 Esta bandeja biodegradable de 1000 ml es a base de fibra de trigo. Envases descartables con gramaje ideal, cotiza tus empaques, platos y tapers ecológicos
◇ ◇ ◇ ◇
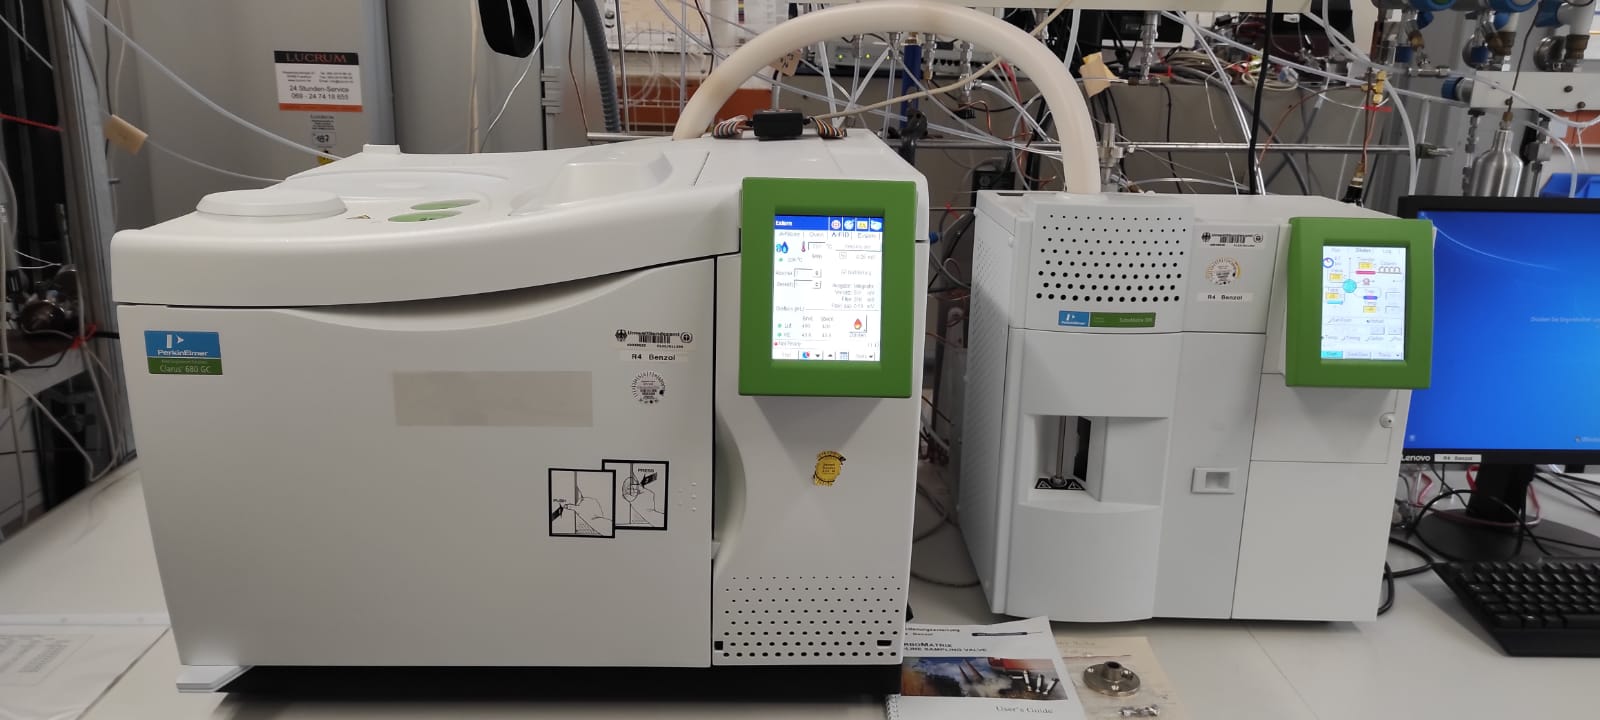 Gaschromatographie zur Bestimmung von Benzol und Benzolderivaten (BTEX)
◇ ◇ ◇ ◇
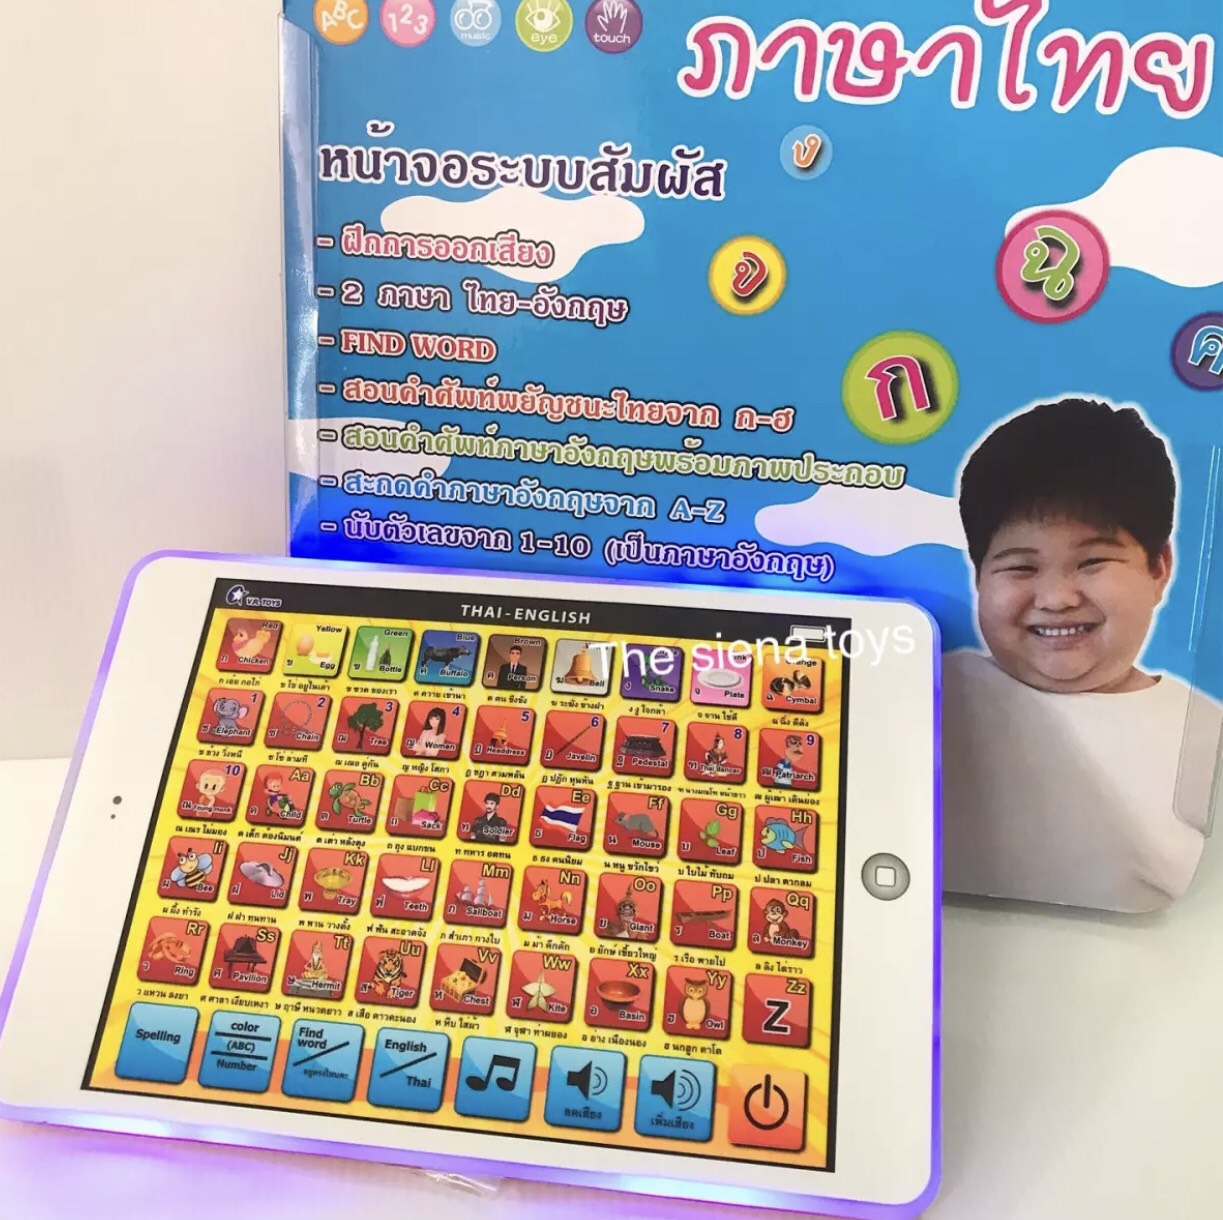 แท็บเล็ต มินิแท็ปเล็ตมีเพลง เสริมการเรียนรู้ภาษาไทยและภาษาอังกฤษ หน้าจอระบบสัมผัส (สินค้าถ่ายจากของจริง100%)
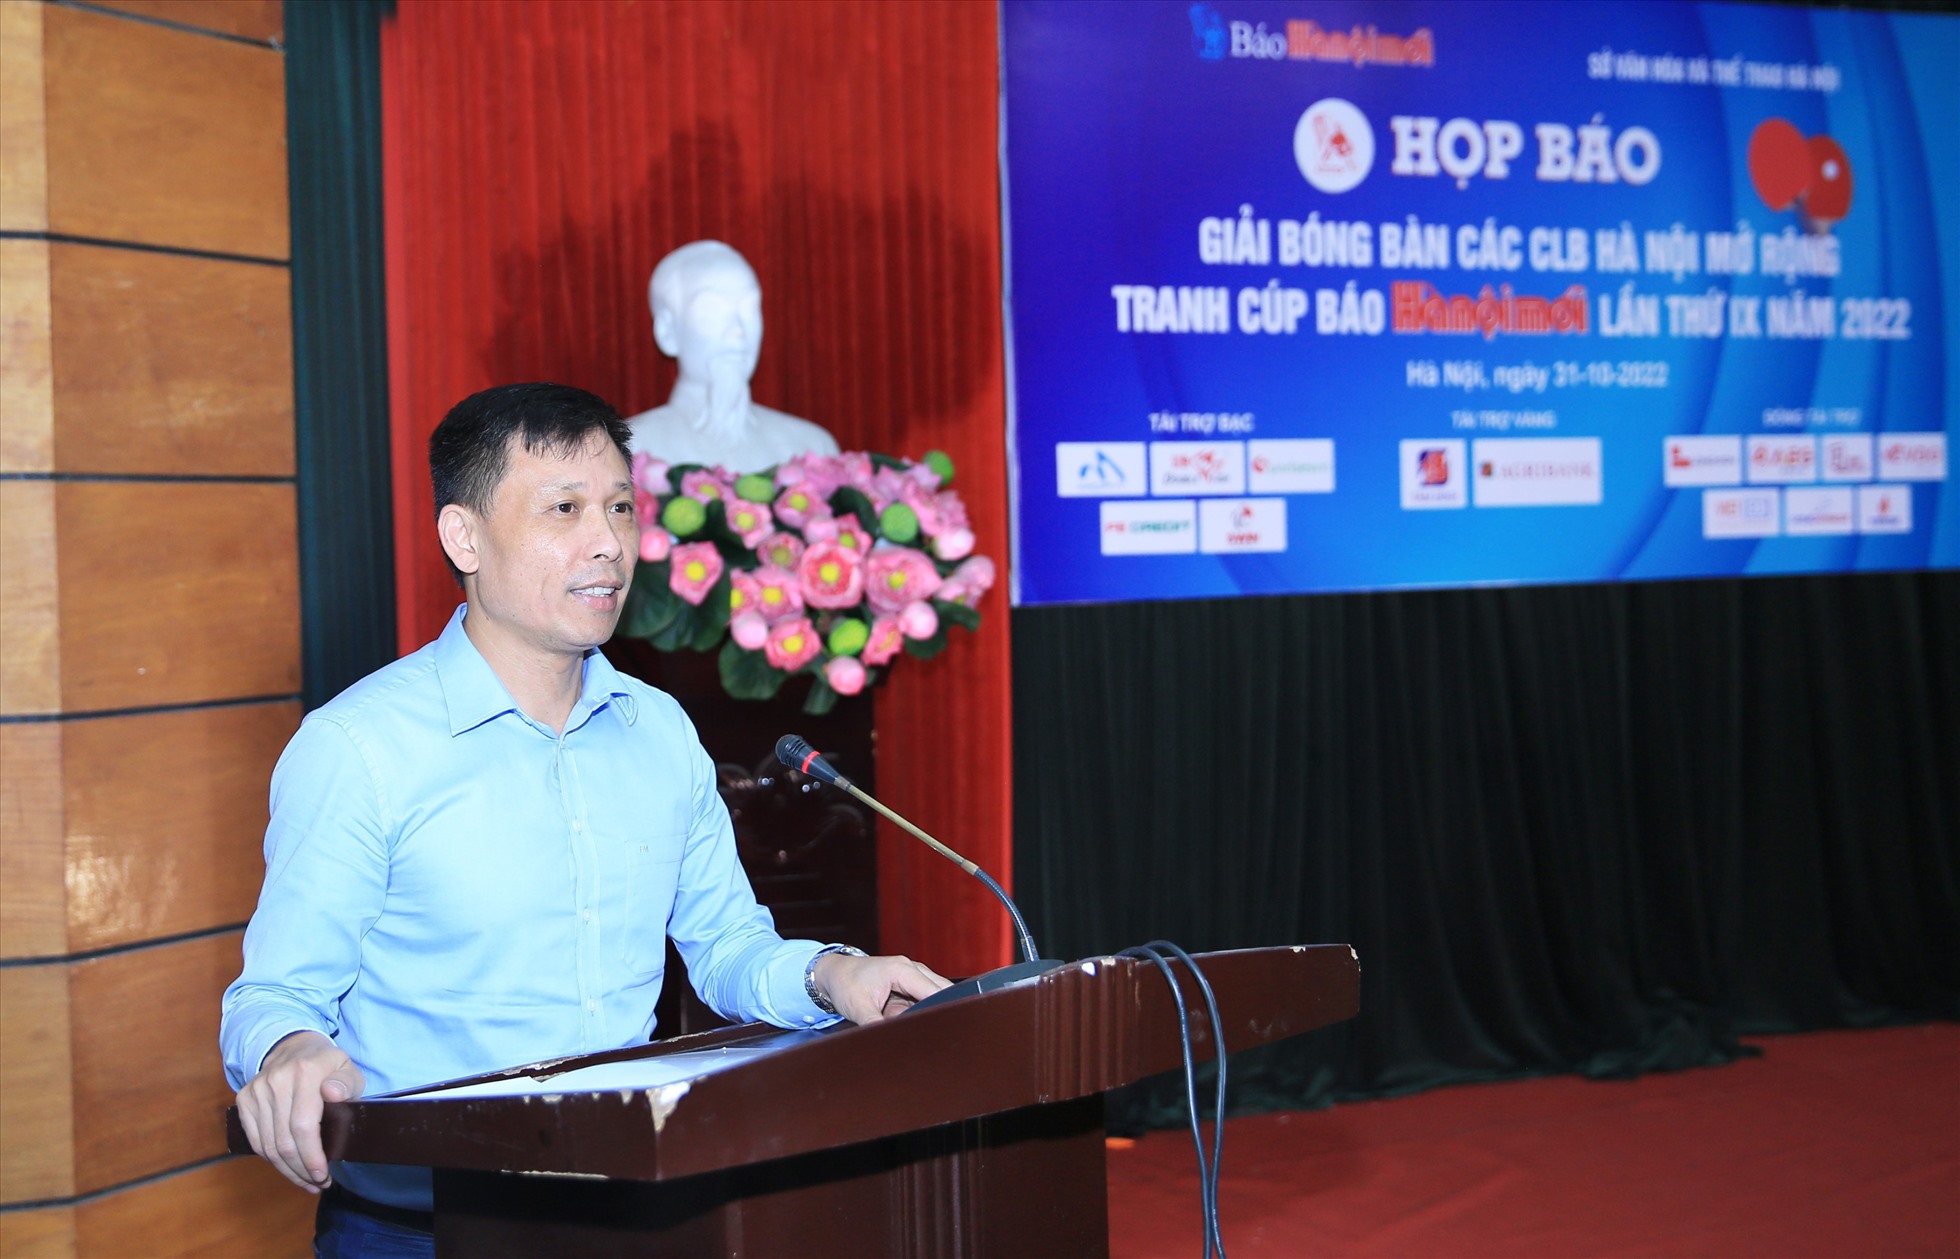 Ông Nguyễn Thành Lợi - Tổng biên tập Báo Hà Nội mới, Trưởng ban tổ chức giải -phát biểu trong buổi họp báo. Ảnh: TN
◇ ◇ ◇ ◇
[PROBLEM DESCRIPTION]: Drop the pictures; return the lines above from the line containing "แท็บเล็ต มินิแท็ปเล็ตมีเพลง เสริมการเรียนรู้ภาษาไทยและภาษาอังกฤษ" to the line containing "Ông Nguyễn Thành", both included, exactly.

[SOLUTION]:
 แท็บเล็ต มินิแท็ปเล็ตมีเพลง เสริมการเรียนรู้ภาษาไทยและภาษาอังกฤษ หน้าจอระบบสัมผัส (สินค้าถ่ายจากของจริง100%)
 Ông Nguyễn Thành Lợi - Tổng biên tập Báo Hà Nội mới, Trưởng ban tổ chức giải -phát biểu trong buổi họp báo. Ảnh: TN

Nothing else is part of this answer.